Andy Rightmire of Hanover, NH
March 4, 2024
Despite a busy daily schedule spent coaching the Ford Sayre JNT kids to incredible heights (and distances!), we had a moment to hear from Andy Rightmire, a recent alumnus of the Ford Sayre Nordic Program. Read his interview below!
Andy grew up in Hanover, NH, and participated in Ford Sayre’s BKL program starting from an early age. He skied for Ford Sayre all the way through the JNT program. After graduating from Hanover High School, Andy attended Colby College where he competed on the Division I Men’s Cross Country ski team. As a Colby skier, Andy qualified for the 2020 Junior Nationals and 2021 NCAA Championships. In 2023, Andy graduated from Colby as captain of the men’s team! This season, Andy returned to the Upper Valley and has worked as the assistant coach of Ford Sayre’s JNT program. In March, Andy will be headed to Junior Nationals as a coach with Team New England. This appointment is a huge career accomplishment in its own right! Thank you, Andy, for giving your time, energy, and well-earned ski racing wisdom to Ford Sayre – and to the broader New England ski racing community!
It’s probably not easy to encapsulate your Ford Sayre experience in a single story, but do you mind telling us your most memorable experience while skiing as an athlete with Ford Sayre?
Some of my best memories from my time as an athlete in Ford Sayre came from when I was on the JNT team in high school. One of my favorite memories has to be from my senior year, while I was skiing a classic mass start at Eastern High School championships. My teammate Jacob and I had one of the best races of our lives. We were skiing towards the front for most of the race. We finished much higher than we anticipated and had the most fun either of us had ever had in a ski race. A few years later, one of my college teammates showed me a video from the front group of that race that his parents had taken, and it turned out he was also in that lead group. I had no idea. That was a fun, full-circle moment!
What positive character trait(s) do you think Ford Sayre helped nourish?
Ford Sayre was great for my independence as an athlete. I learned how to wax my skis and do all the essential things to prepare for a race weekend, as well as a lot about the bigger things that go into performing at a high level. One of the biggest things was writing a longer-term training plan, which I still use all the time for myself and the athletes I work with.
Beyond my skiing, Ford Sayre taught me so much about how to set goals both in athletics, but also just generally in life and using these goals to guide my day-to-day decisions as well as how I raced and trained across a whole season.
If you could give advice to your younger self, what would it be?

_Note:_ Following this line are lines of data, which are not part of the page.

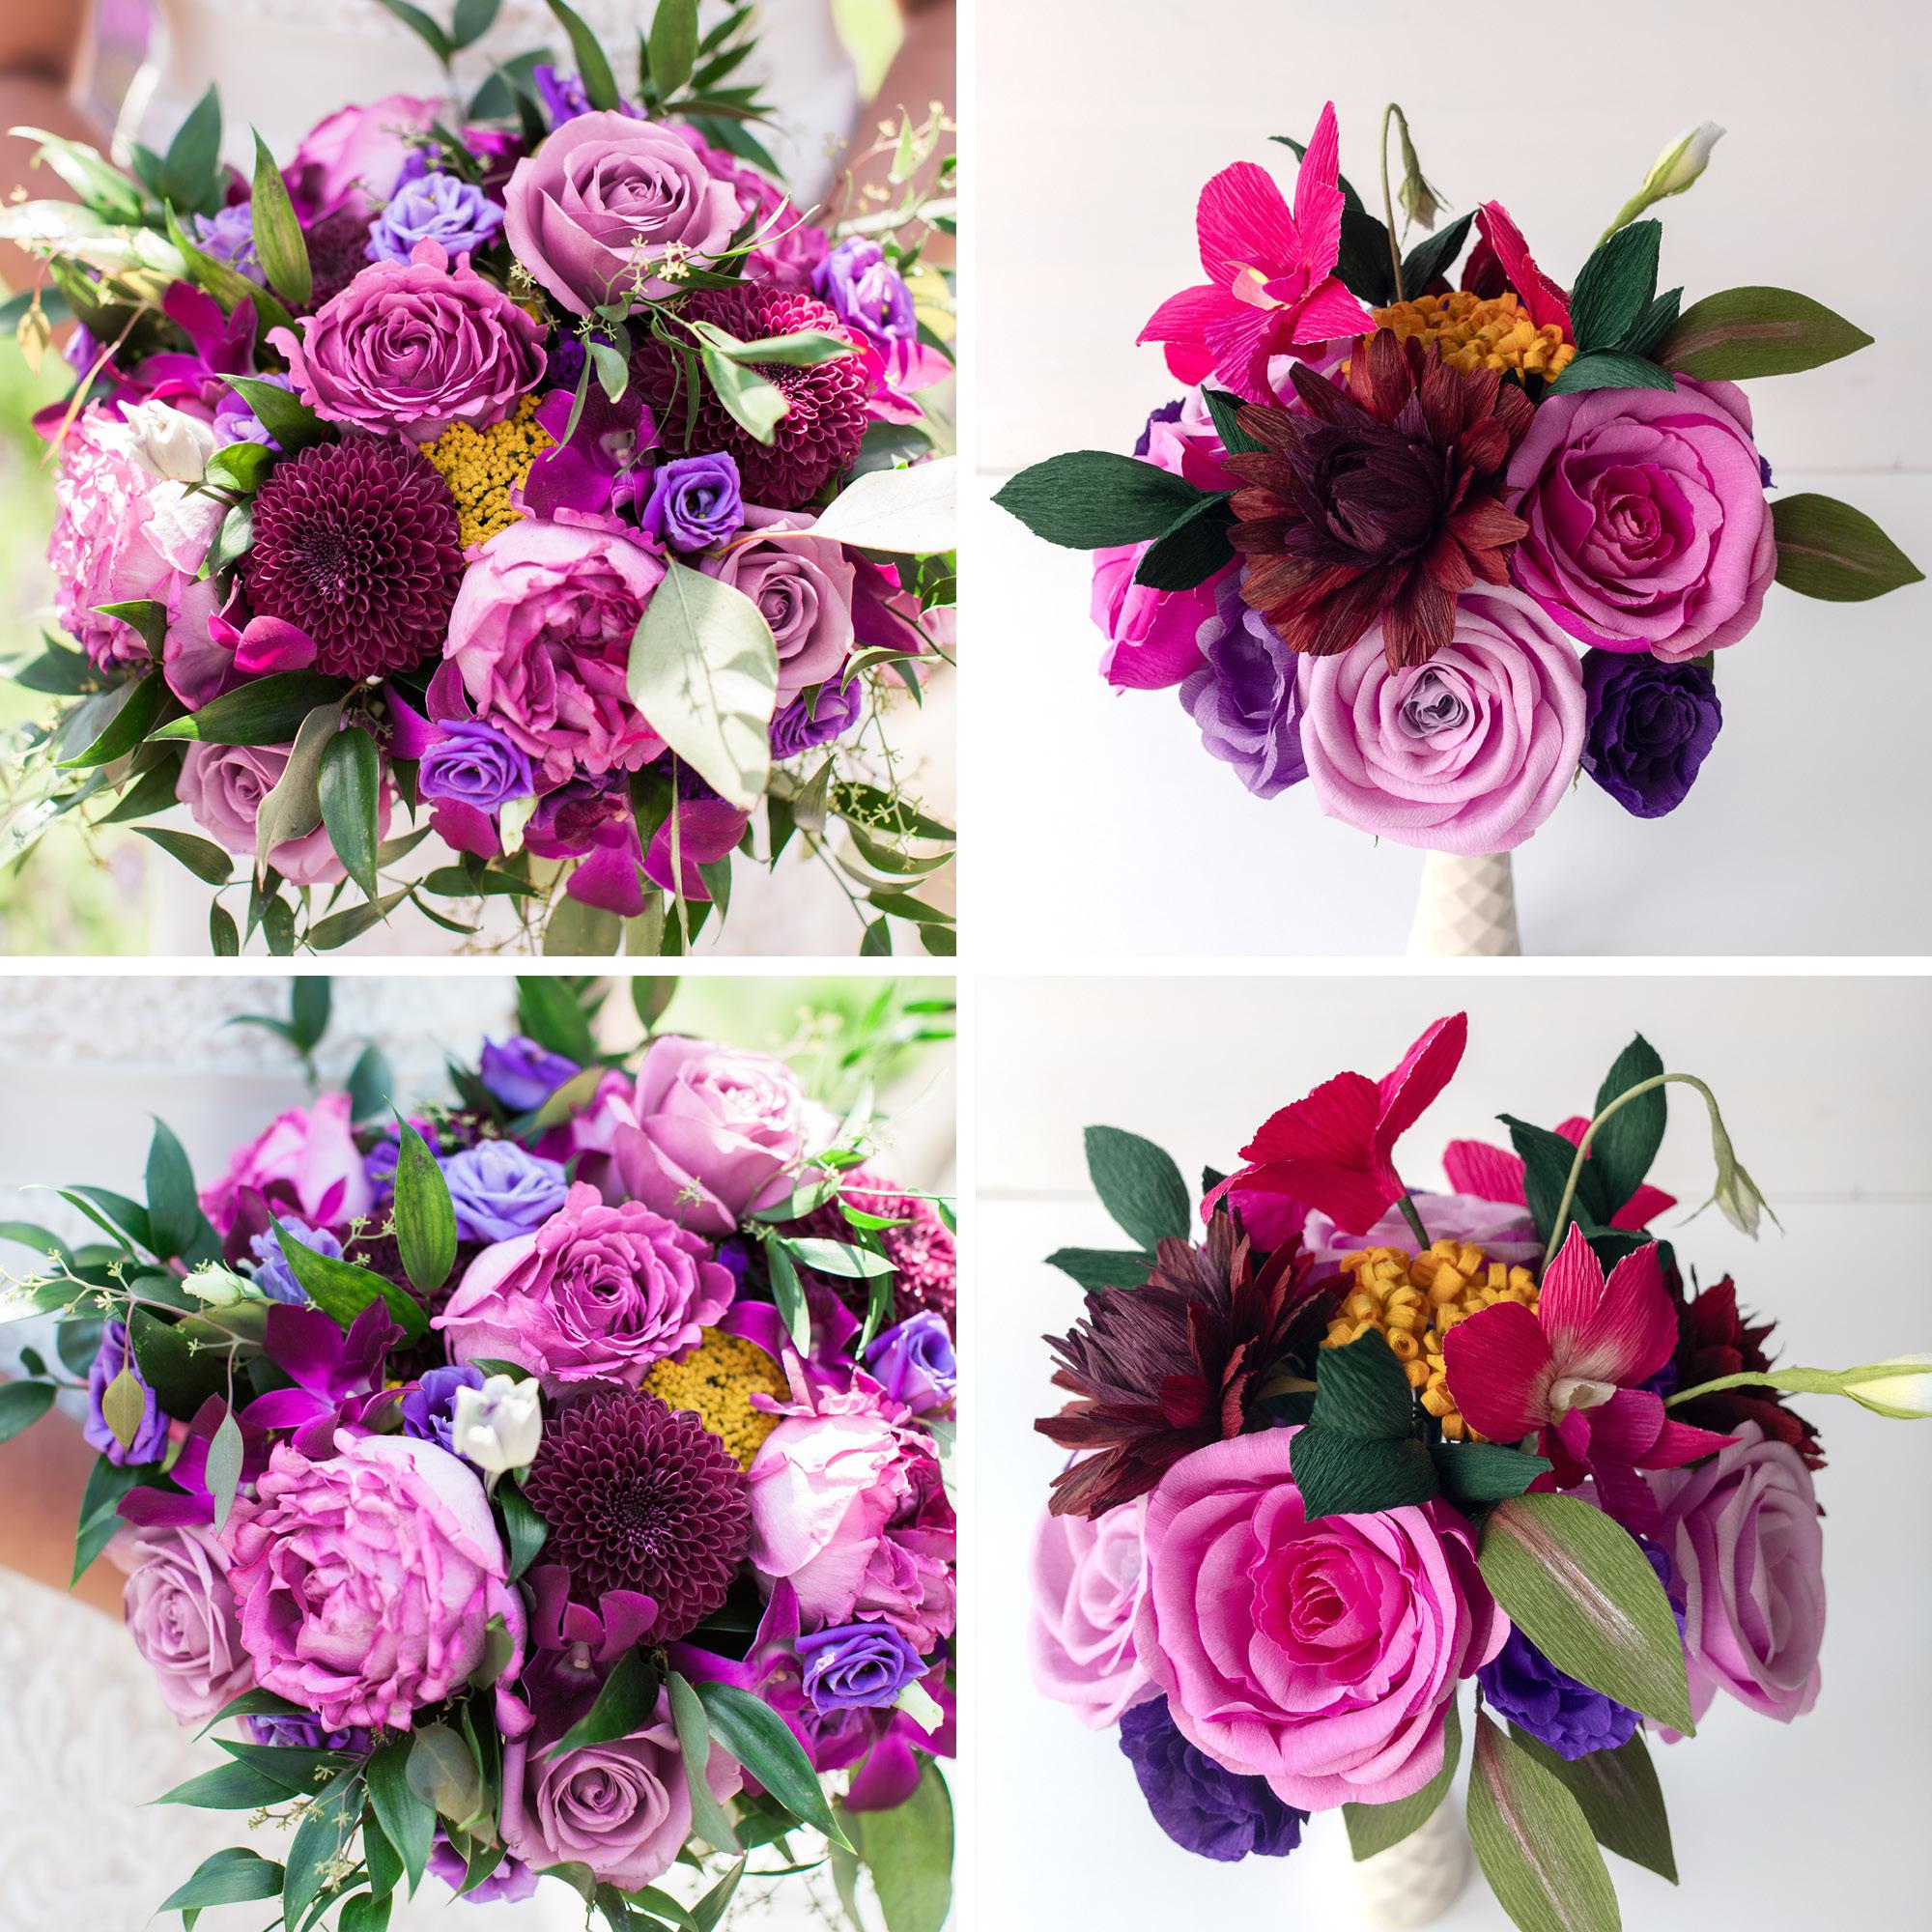 Paper Rose Co. Wedding Bouquet Recreation Comparison
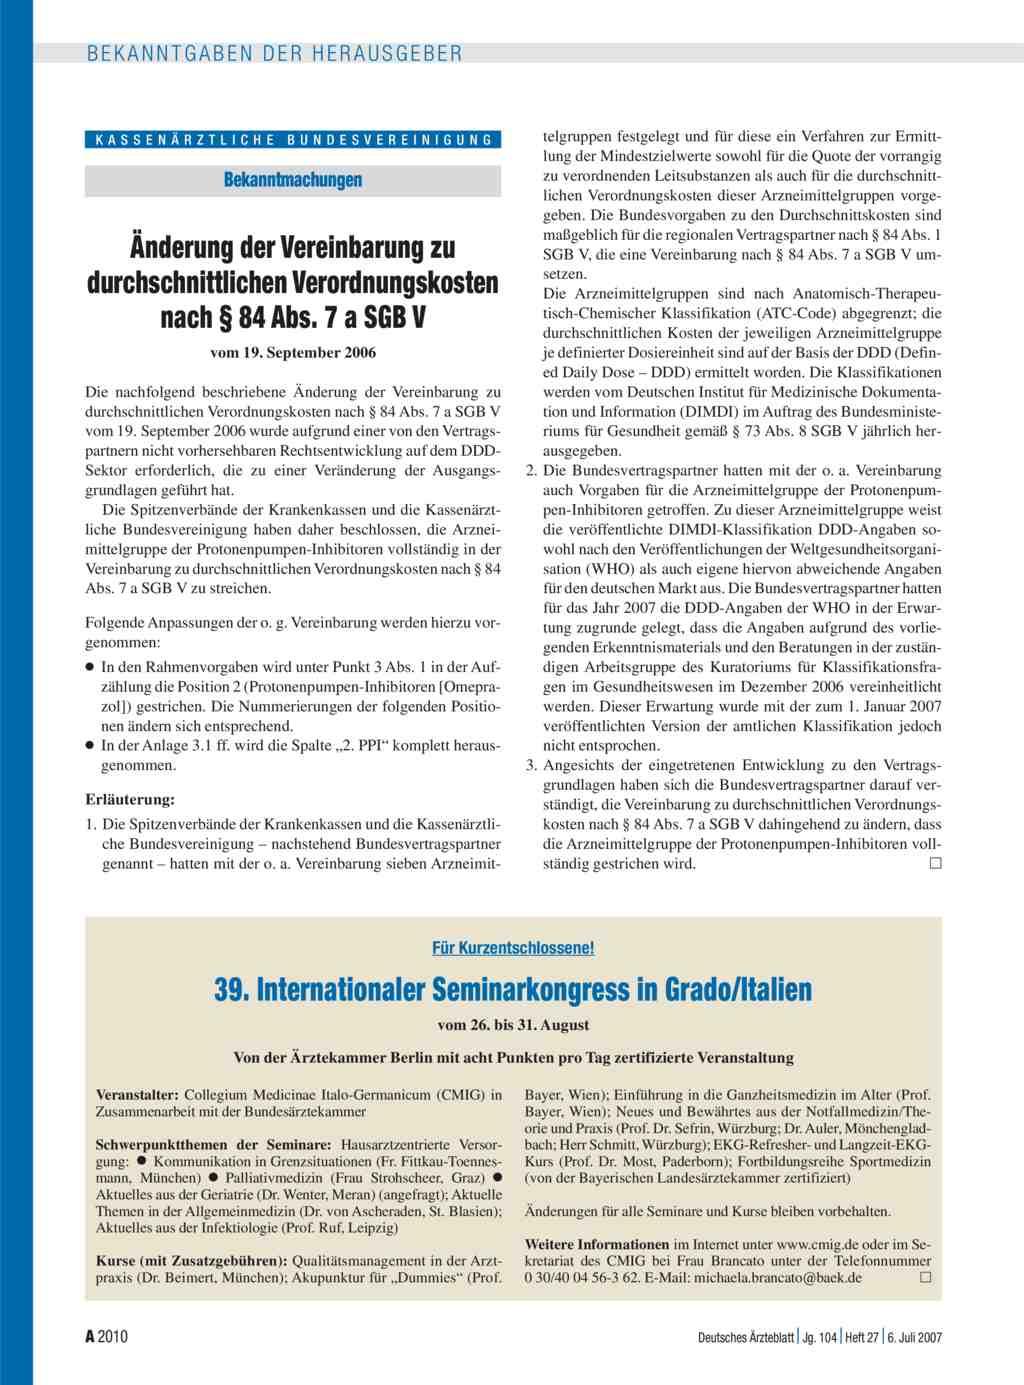 änderung Der Vereinbarung Zu Durchschnittlichen Verordnungskosten
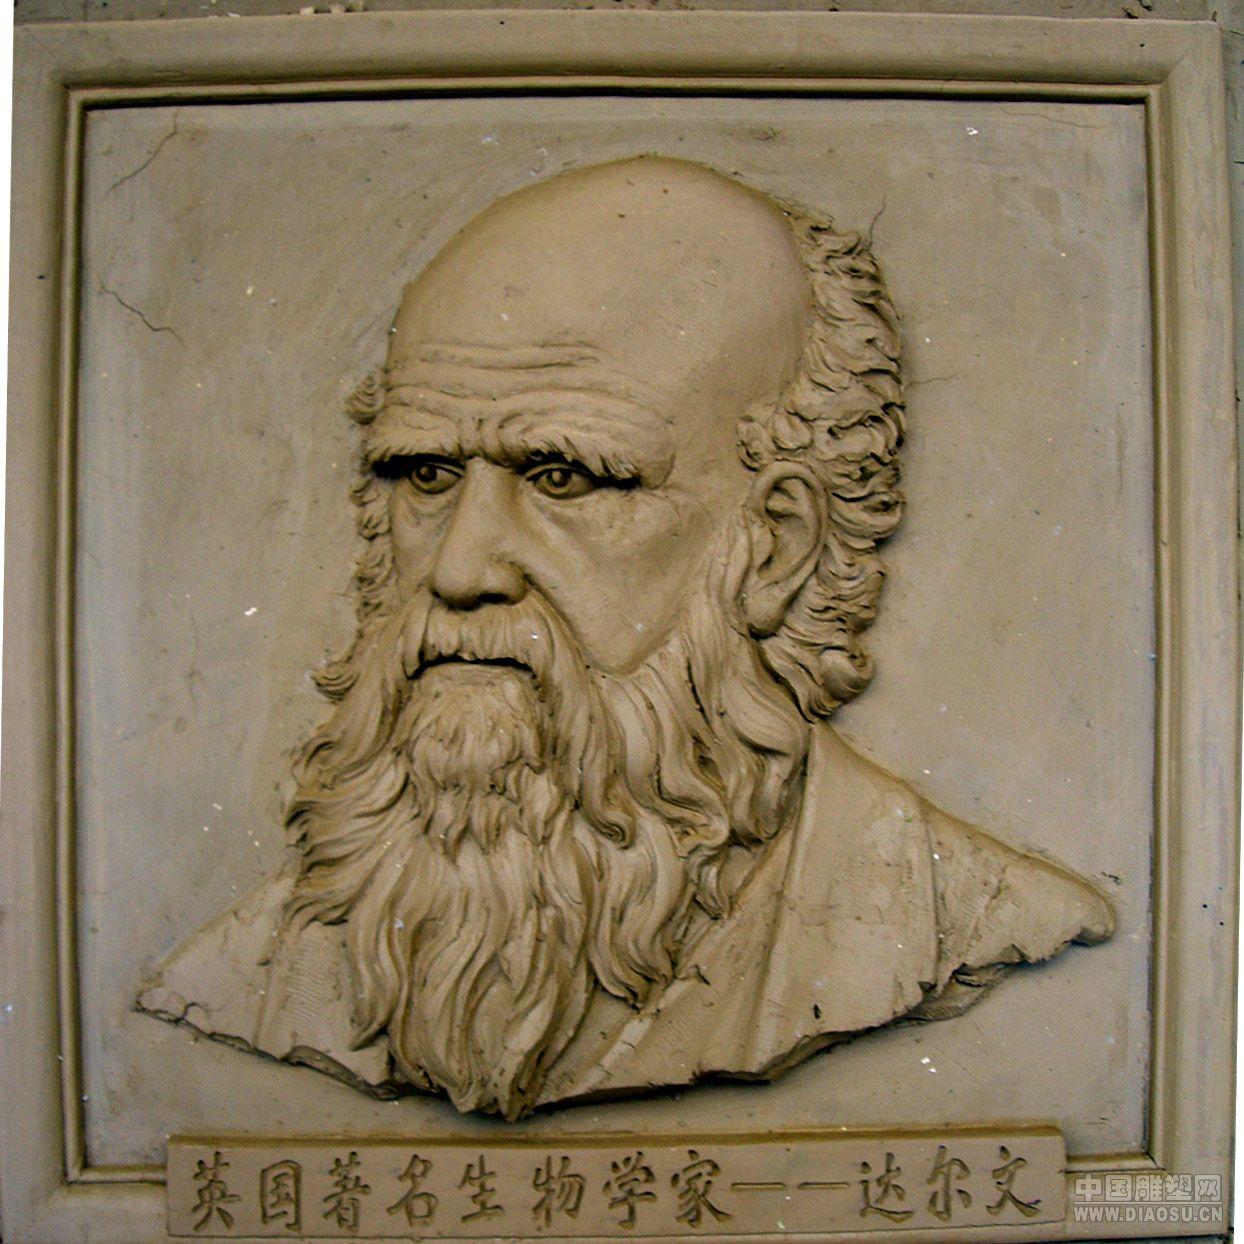 名人头像雕塑达尔文

Have more fun! As an athlete, I spent so much time analyzing the marginal gains that I might be able to get out of myself, but I eventually learned I raced better when I unplugged from this mindset and focused on having fun with racing. The community around ski racing is incredible and has quickly turned into one of my favorite parts of racing and coaching.
How do you deal with pressure?
This is one of the hardest parts of skiing at any level! Luckily, I was never in a situation where I felt external pressure, but I always put myself under huge pressure to perform. The best way to handle this is to spend time with your teammates and friends you are racing with. Whether it’s playing games the night before a race or warming up together the following day. This takes your mind off any pressure you’re feeling and helps most athletes race well!
Do you have a childhood hero?
I always loved watching the best classic skiers on the World Cup. Iivo Niskanen, Marit Bjorgen, and Didrik Tønseth were some of my favorites to watch.
What are your passions in addition to skiing?
I love doing anything that will get me outside! Whether it’s cross-country skiing, running, biking, or backcountry skiing!
Now that you’re a coach helping others chase their dreams, what aspects of coaching make you feel most fulfilled?
This might be too easy of an answer, but it’s always fun to work with athletes on days where it all comes together for them in a race they have been looking forward to all year. Not every day will go as well as they hope, but when it does work out, it’s fun to be a small part of that and see the joy it brings them, regardless of whatever goal they achieve.
If you could invite any two people (from real life or fiction) to join you skiing who would they be and why?
Peter Northug for the pure entertainment. I think hearing about his career would be fascinating. My second would probably be Kikkan Randall. It would be great to hear her experience helping build the U.S into a skiing powerhouse.
We love that Andy has returned to Ford Sayre to help guide our JNT athletes along in their own ski racing journeys – and to find joy for himself in the process! Our community thanks you, Andy, for teaching the JNT-ers how to have fun, train hard, set goals, lean on teammates, and ski super fast. Our Ford Sayre programs continue to thrive because of positive, energetic, generous role models like Andy!